Same parameter count. Same model size. 16× difference in GPU utilization.

The mechanism is GEMM shape. Linear's matmuls are [B, 1024] × [1024, 1024] — for batch 256, that is 256 rows through a 1024-wide weight matrix. SeqLen's matmuls are [B, 128, 1024] × [1024, 1024] — for the same batch, 32,768 rows through the same weight matrix. The weight matrix is identical. The number of rows the tensor cores have to process is 128× larger.

Modern GPUs are wide. The RTX Pro 6000 has enough SMs that a [256, 1024] × [1024, 1024] matmul barely touches them. A [32768, 1024] × [1024, 1024] matmul starts to fill the machine. TRT's kernel autotuner selects a 128×128×32 tile for SeqLen versus a 64×64×64 tile for Linear — the compiler itself knows that the larger matmul can support a bigger tile.

This Is Not About LLMs

A common assumption: high-end GPUs like the RTX Pro 6000 are for large models. The hardware does not care about model size. It cares about GEMM shape. Small skinny matmuls underfill SMs on any wide GPU — whether the model is a language model, an embedding model, or a classification head. The 48 MB weight limit is irrelevant; the matrix dimensions are what matter.

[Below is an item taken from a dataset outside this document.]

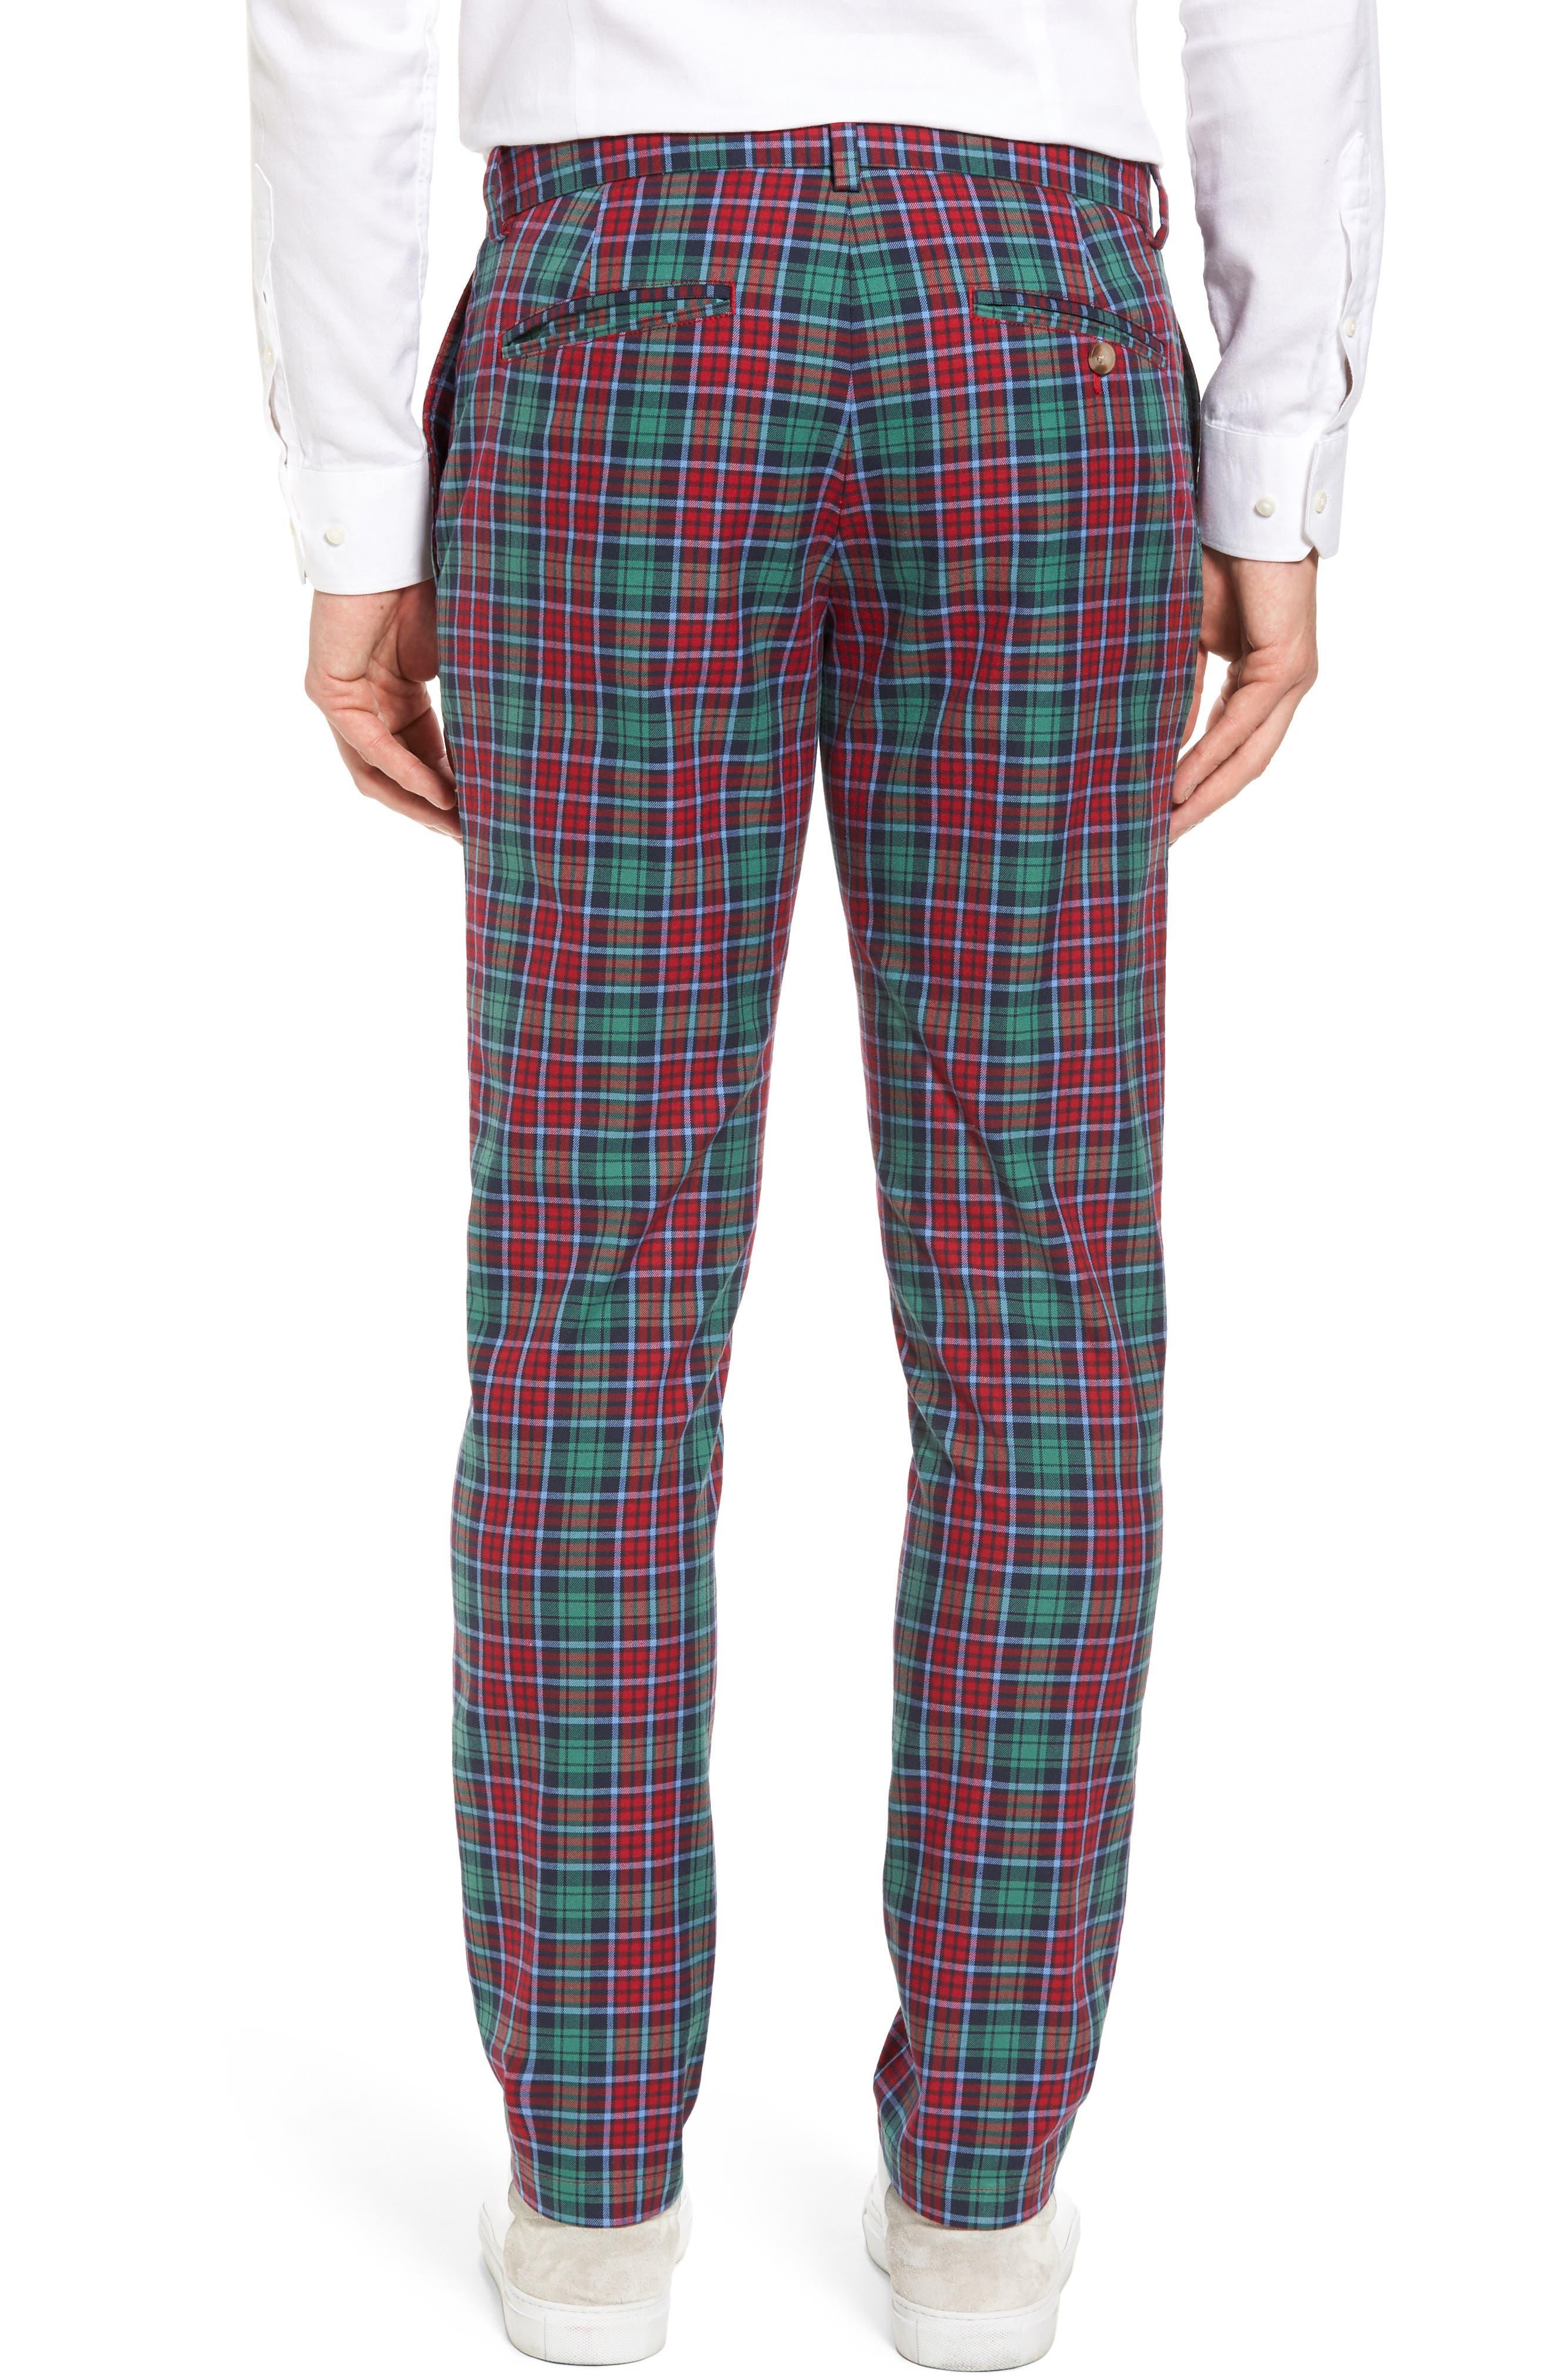 Leddy Park Slim Plaid Pants,                             Alternate thumbnail 2, color,                             342

For any deployment with small models:

If your model produces GEMMs where the batch dimension times sequence length is small relative to the GPU's SM count, expect low utilization regardless of parameter count.
Batching helps — more rows in the matmul — but architecture helps more. A LinearHead served at batch 1024 still produces a [1024, 1024] matmul. A SeqLenHead at batch 1 produces [128, 1024] per layer. Architecture sets the floor.
Sequence-length dimensions, attention mechanisms, or wide intermediate representations are not just modeling choices — they are the structural source of large GEMMs that fill tensor cores.

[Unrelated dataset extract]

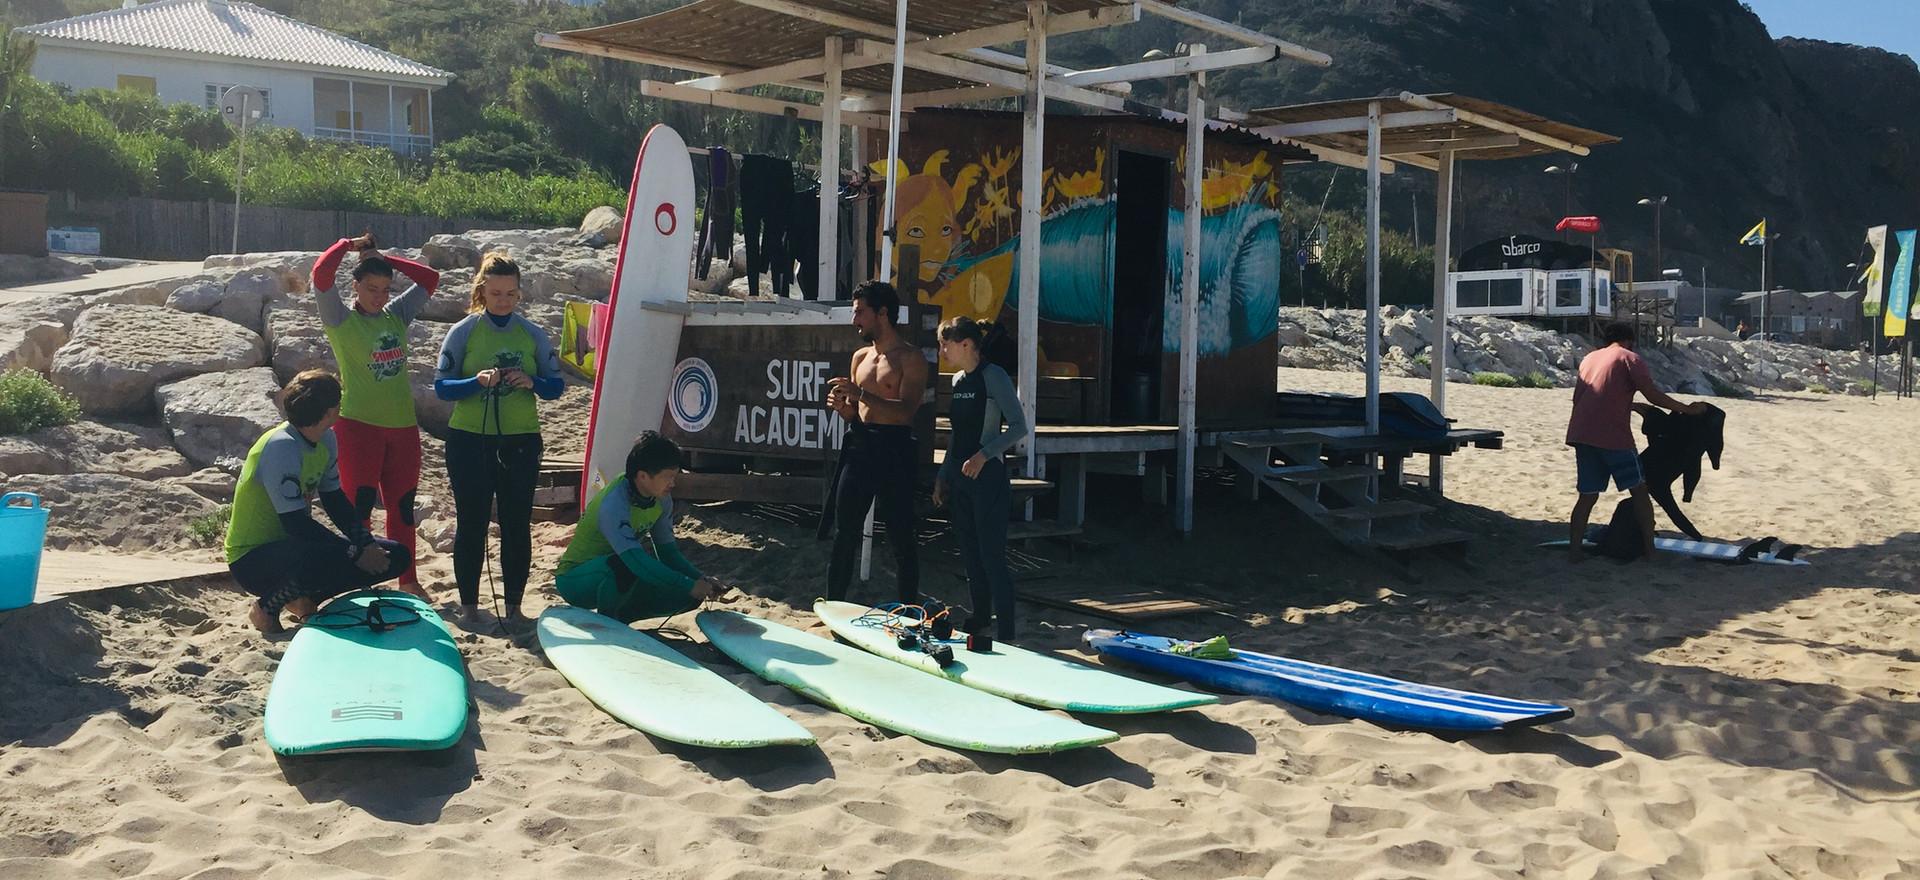 Surf school Praia Grande Oasis Sintra Surf

The Stacked Architecture Trade-Off

Stacked (5 heads via bmm) shows the middle ground: ~8–12% utilization, slightly better RPS than Linear, lower latency. The batched matrix multiply creates wider GEMMs than individual heads would produce separately — five heads in one launch rather than five sequential launches — but not as wide as SeqLen's sequence-expanded operations.

For serving multiple classification heads in production, this is a practical pattern. You get better hardware utilization than running heads independently without the latency penalty of artificially expanding sequence dimensions. The bmm fusion is the minimum viable move toward larger GEMMs.

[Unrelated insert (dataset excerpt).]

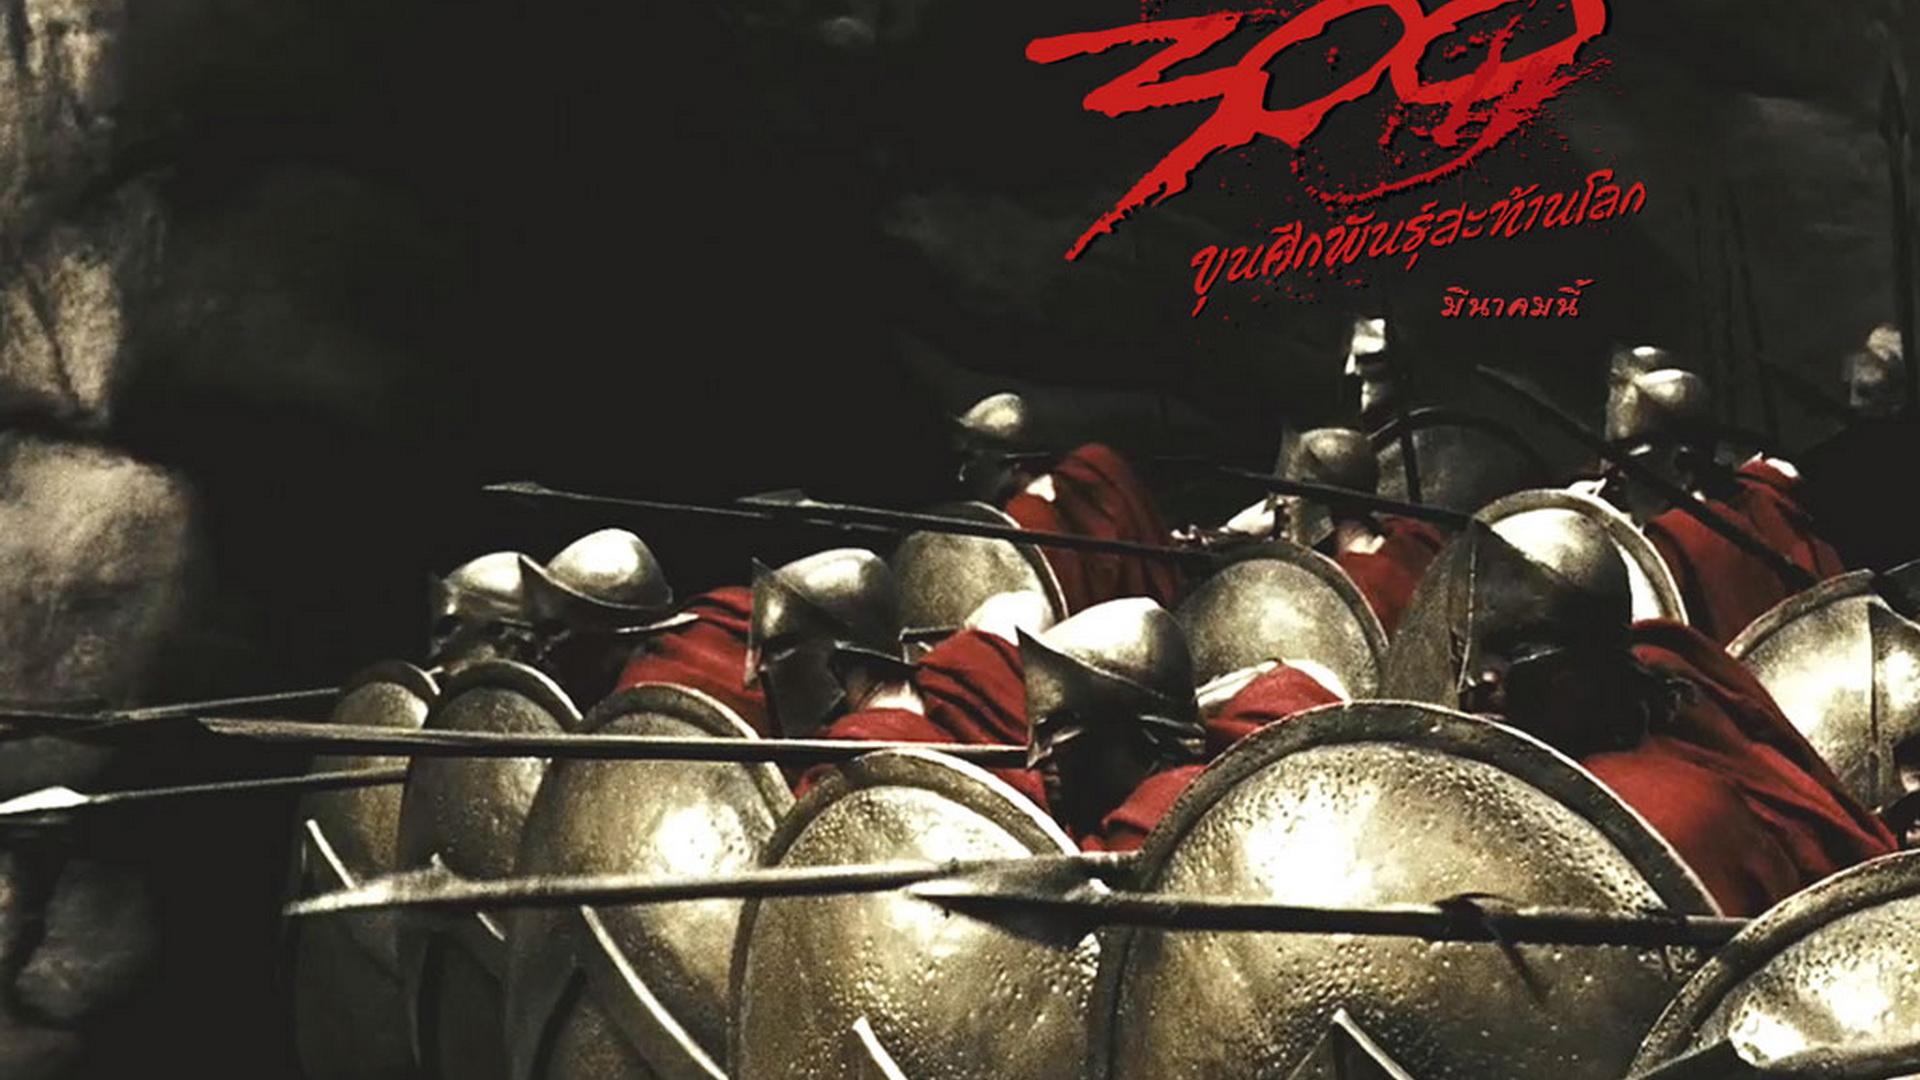 michigan state spartans 300 wallpaper

Reading the Profiler to Diagnose the Regime

The CUDA API summary tells you which regime you're in before you look at anything else. If cuLaunchKernelEx is a significant share of your CUDA API time, kernels are small and launch overhead matters — the CPU is spending real time queuing work the GPU will finish before the next launch arrives. If cudaEventSynchronize is above 90%, two very different things can be true: either the GPU is fast and you're sync-bound on a tiny model (Part 2), or the GPU is busy and the CPU has nothing to do but wait. The kernel duration in the GPU summary disambiguates the two: sub-millisecond kernels indicate a tiny fast model; tens or hundreds of microseconds indicate a model that actually fills the SMs.

For LinearHead, cuLaunchKernelEx at 39.4% of CUDA API time means the CPU is doing real work per launch — the 6.2 µs kernels finish so fast that the CPU overhead of the next launch is not negligible. For SeqLen, cuLaunchKernelEx at 2.3% means the launch overhead is background noise relative to the 199 µs kernel duration. The GPU has taken over.

Part 2 and Part 3 showed bottlenecks external to the model: memory transfer gaps for large models, CPU sync overhead for tiny models. Here the bottleneck is in the model itself — specifically, in whether the architecture generates matmuls wide enough to occupy the hardware. LinearHead does not. SeqLenHead does. Same weights, different shapes, a 16× gap in GPU utilization.

The profiler reveals which regime you're in. The architecture determines which regime you're in.